Dell is particularly instructive. The company collects its cash in advance from customers and runs on negative working capital. The business has always been funded by borrowing from suppliers. Its just that the scale of the loan has increased with monotonous regularity. Days payable outstanding was 56.1 days a decade ago – then 66.9, 69.4, 71.3, 73.4, 74.8, 77.1, 80.1, 71.8 and 81.2 days. Dell just screws its suppliers a little bit more every year. It shows more cash generation than is real. It makes itself look better than it actually is.
Dell however is a declining business. Apple which is clearly not declining does it too.
Ultimately this is bad business practice. It stresses suppliers – it costs them money chasing you up. It builds distrust. Yet Apple does it – and the reason is obvious. Because it can. Apple has power and it is not afraid to (ab)use that power.
By contrast Cisco (a company which tries to keep its supply chain sweet after an infamous supply chain stuff up) is under 20 days.
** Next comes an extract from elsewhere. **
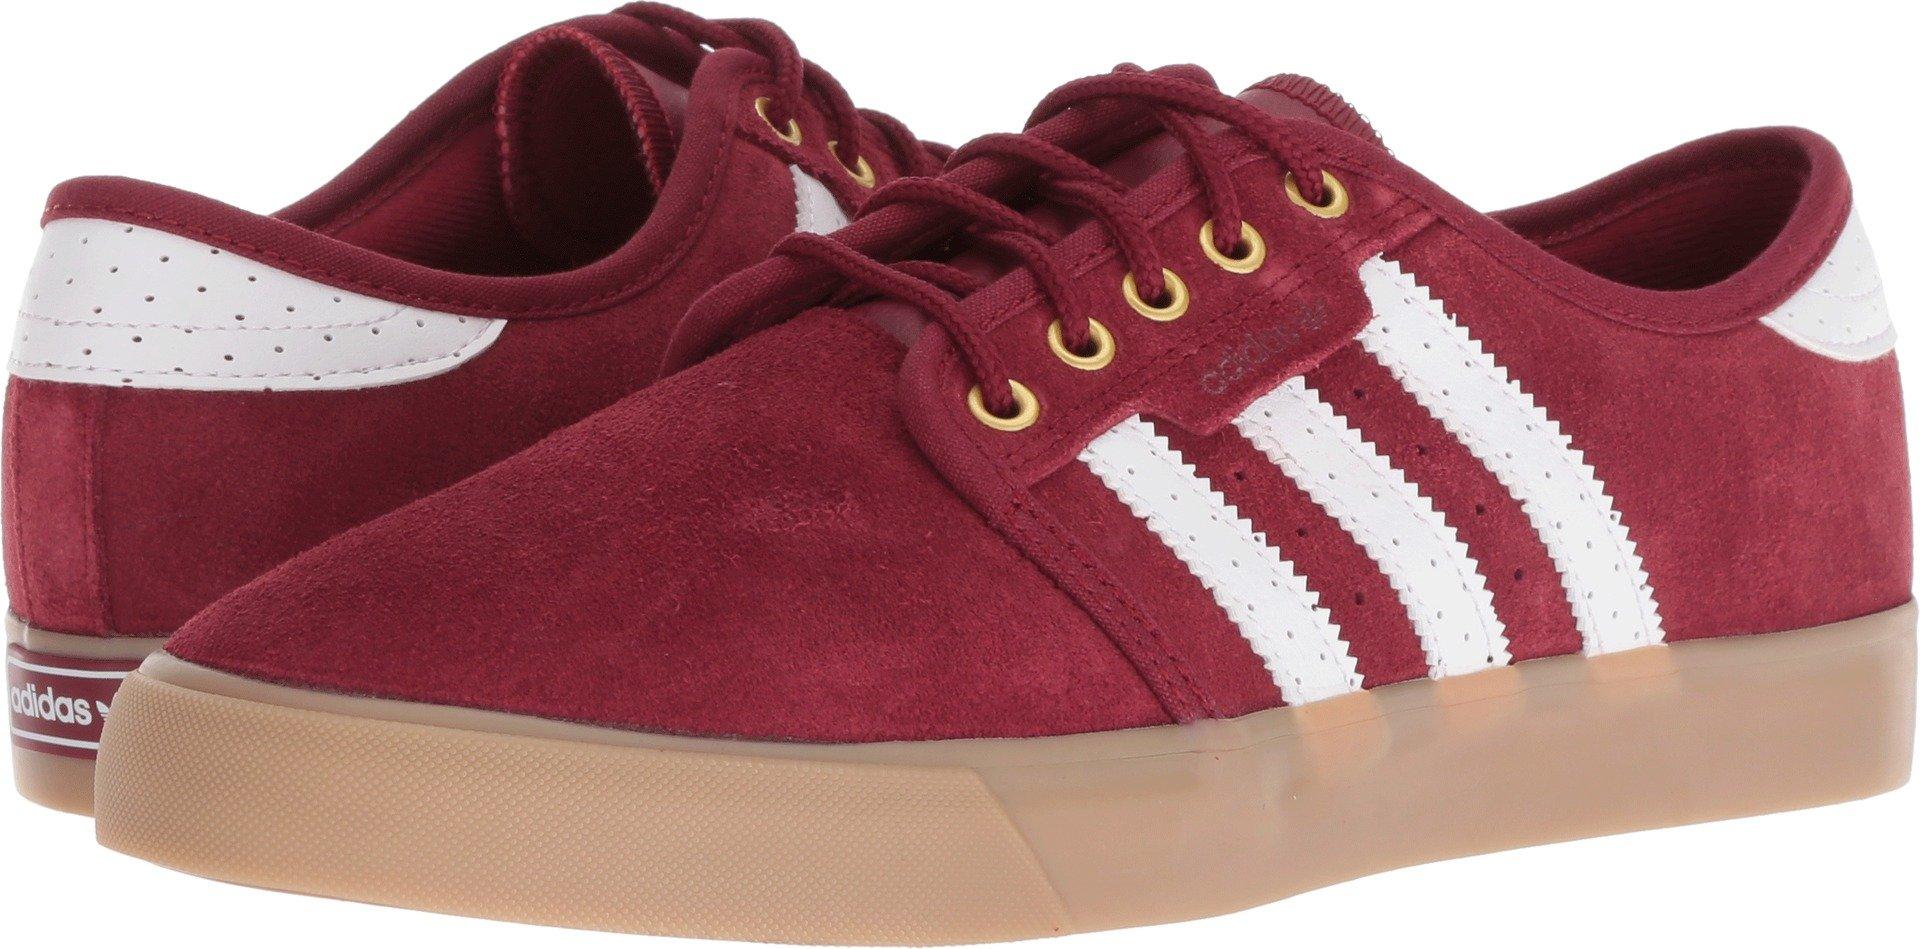 on sale eb495 3e4cc Galleon - Adidas Originals Men s Seeley Skate Shoe, Collegiate Burgundy  White Gold Metallic, 9 M US

Macroeconomic conditions in China
This leads me to the real point of this post. The macroeconomic conditions in China are changing dramatically. labour shortages are a serious problem. We are beginning to see press stories about difficulties in getting things produced and companies bringing production back to the USA. What this presages is a change in power between the Western giants and their Chinese manufacturers. Apple behaves badly because it can – but that power probably does not exist in the long run for Dell or Logitech and the loans that these companies have taken from their suppliers (loans that are a meaningful part of their cash balance in some cases) are going to have to be repaid.
It is logical when you think about it. Inflation in the US is 1 per cent plus or minus 2 per cent. Its probably over 10 per cent in China. Slow payment thus benefits the Americans relatively little but costs the Chinese counterpart a lot. Chinese inflation and labour shortages should cause supply chains to speed up.
Cisco, Samsung and other companies that have kept the supply chain sweet should be fine. Apple should be fine too – its bills to suppliers are trivial compared to cash balances or profits.
But hey – we did short some Logitech. It really is not so good for them. 90 days really is a problem – even if they don’t know it yet. Their business practice stinks and it will come back and bite them. And it will bite many other companies too.